Car le texte doit révéler l’inconnu. Non pas l’inconnu du savoir. Mais le toujours innommé qui git en nous. Le fou, le saint, le lumineux. L’inaccessible présence qui nous brasse. Ecrire c’est se défaire de nous. L’entêtement du geste. L’acharnement d’une répétition qui nous efface peu à peu. Labyrinthe de miroirs. Où se démêlent l’absent de l’écriture et le présent du texte. Où se dédoublent les voix. Se situer juste à cet endroit de l’âme où le retour du même n’est pas exactement le même. Comme si l’écho nous revenait prononcé par une autre bouche. Décalage. Contre temps. Contre pied. Esquive des présences qui toujours se dérobent et toujours surgissent. Là. Dans ce champ des défaites. Où les ruines ne sont plus le résultat de la décomposition du nouveau, mais où les ruines seraient l’expression toujours la plus nouvelle du futur.

 

Et la voix se superpose, puis efface le sens des mots. Ce qu’il y a de vacarme en eux. Les mots qui perdent leurs sens sont des mots aggravés. Des étoiles.

 

L’écriture avance vers les confins, vers les lieux du décollement du sens. Imprenable. Même par la main qui la produit. Surtout par cette main. Un cheminement paume ouverte. Prête aux stigmates. Comme le signe d’un accomplissement. Lequel ?

 

L’accomplissement de la nuit. Même de jour, c’est la nuit que nous accomplissons en nous. Pour maintenir l’étrange. Décoller la lumière du réel. Etre au repos du réel. Enfin accueillir ce qui vient. Ce qui vient. Œdipe. L’ermite. Anéantir toute explication. Engloutir toute signification. La grande nuit de la toute présence, celle qui nous rend à nous-mêmes et au monde. A la nudité. A la pauvreté. Passer du tremblement à la tremblance. Passer du feu à la flamme. L’œuvre.

 

Traverser.

 

Jusqu’à l’intense immobilité d’un silence.

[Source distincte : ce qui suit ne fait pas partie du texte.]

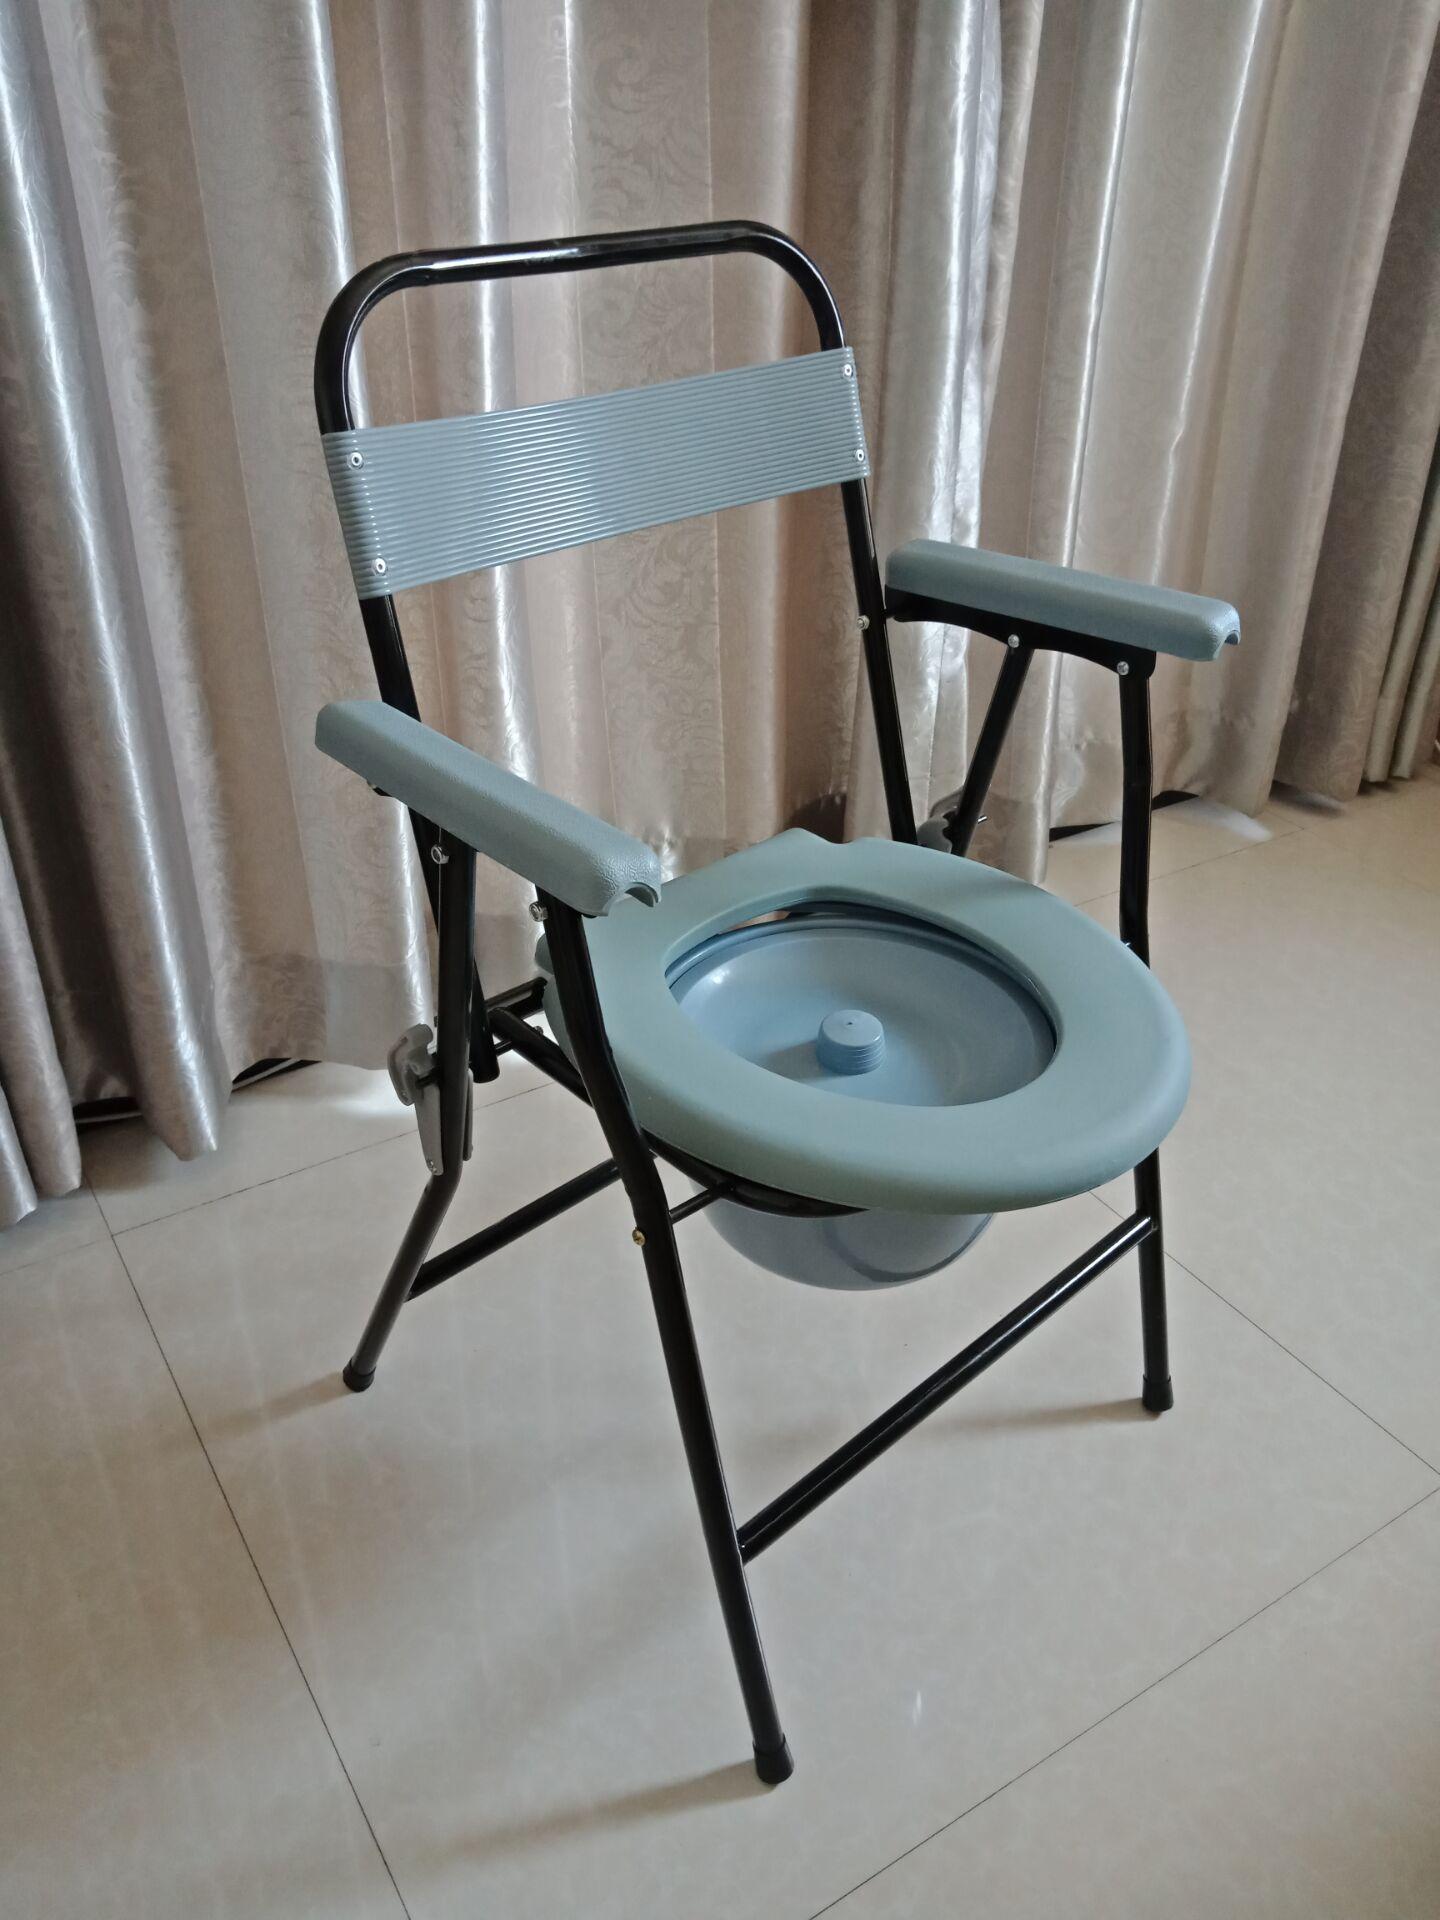 Old Man Toilet Chair Bathroom Toilet Seat Elderly,Pregnant
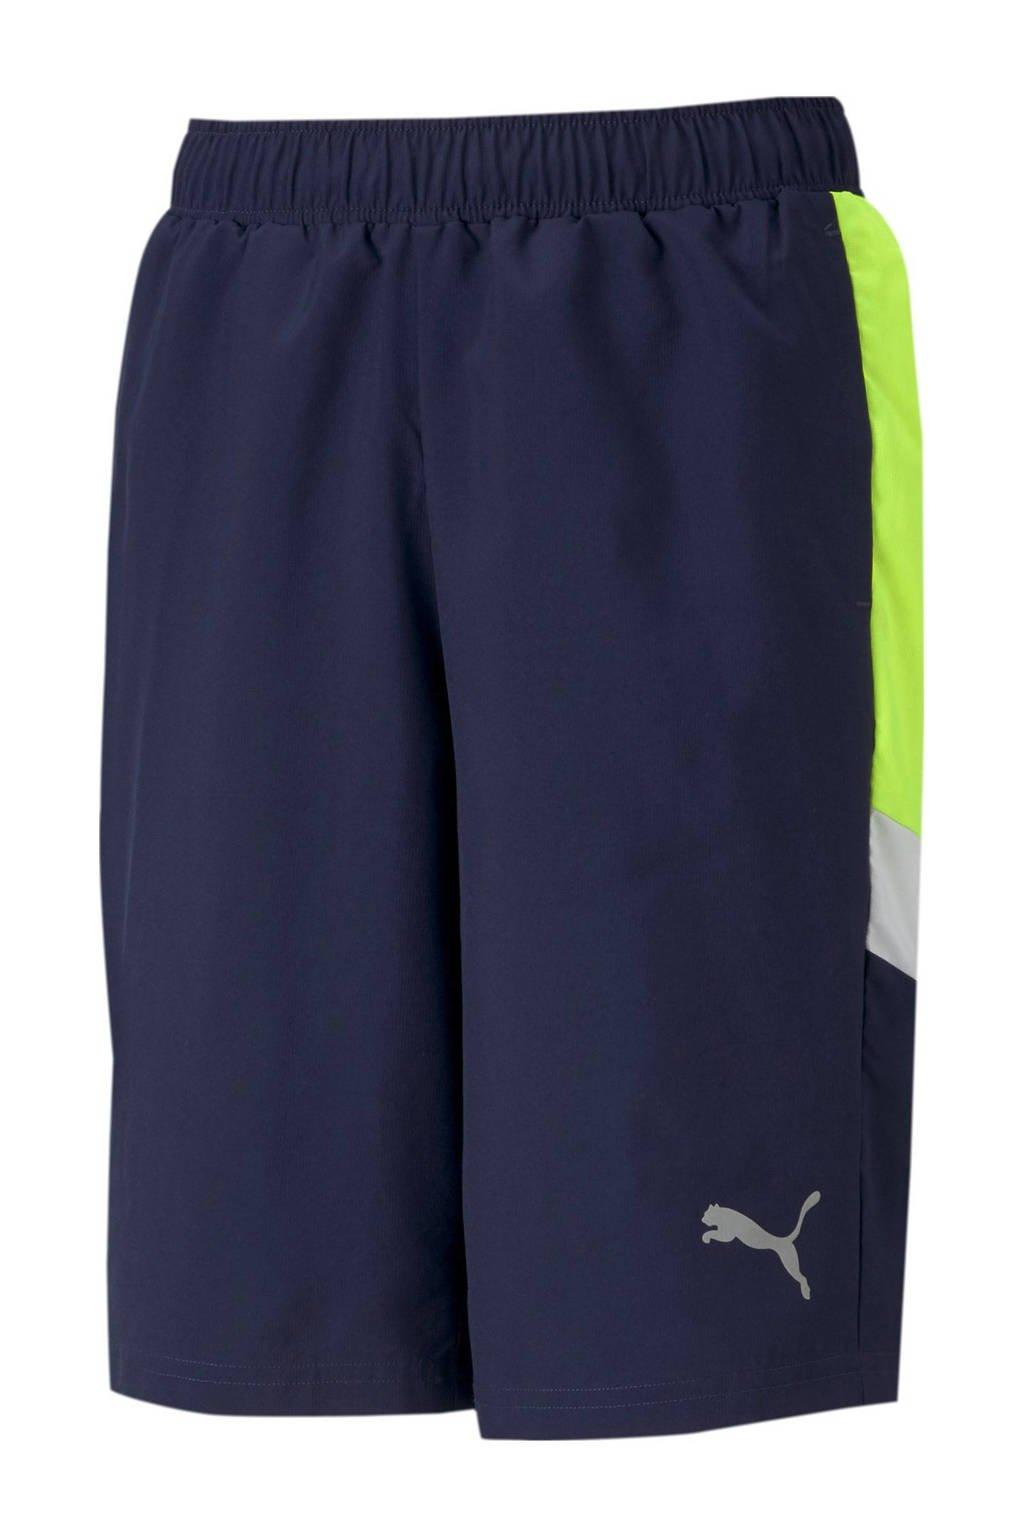 Puma short donkerblauw/limegroen/wit, Donkerblauw/limegroen/wit

Le texte est habité d’une puissance vivante qui m’écrase à chaque fois un peu plus.

 

Entre l’amour et le désir il y a un espace

Entre l’écriture et le texte il y a un espace, le même.

La nuit. L’imprononçable nuit. Le lieu des grands gisants.

Entre mes lèvres et tes lèvres. La nuit.

La nuit que je traverse à chaque mot, pour te rejoindre, enjambant les gisants et les siècles.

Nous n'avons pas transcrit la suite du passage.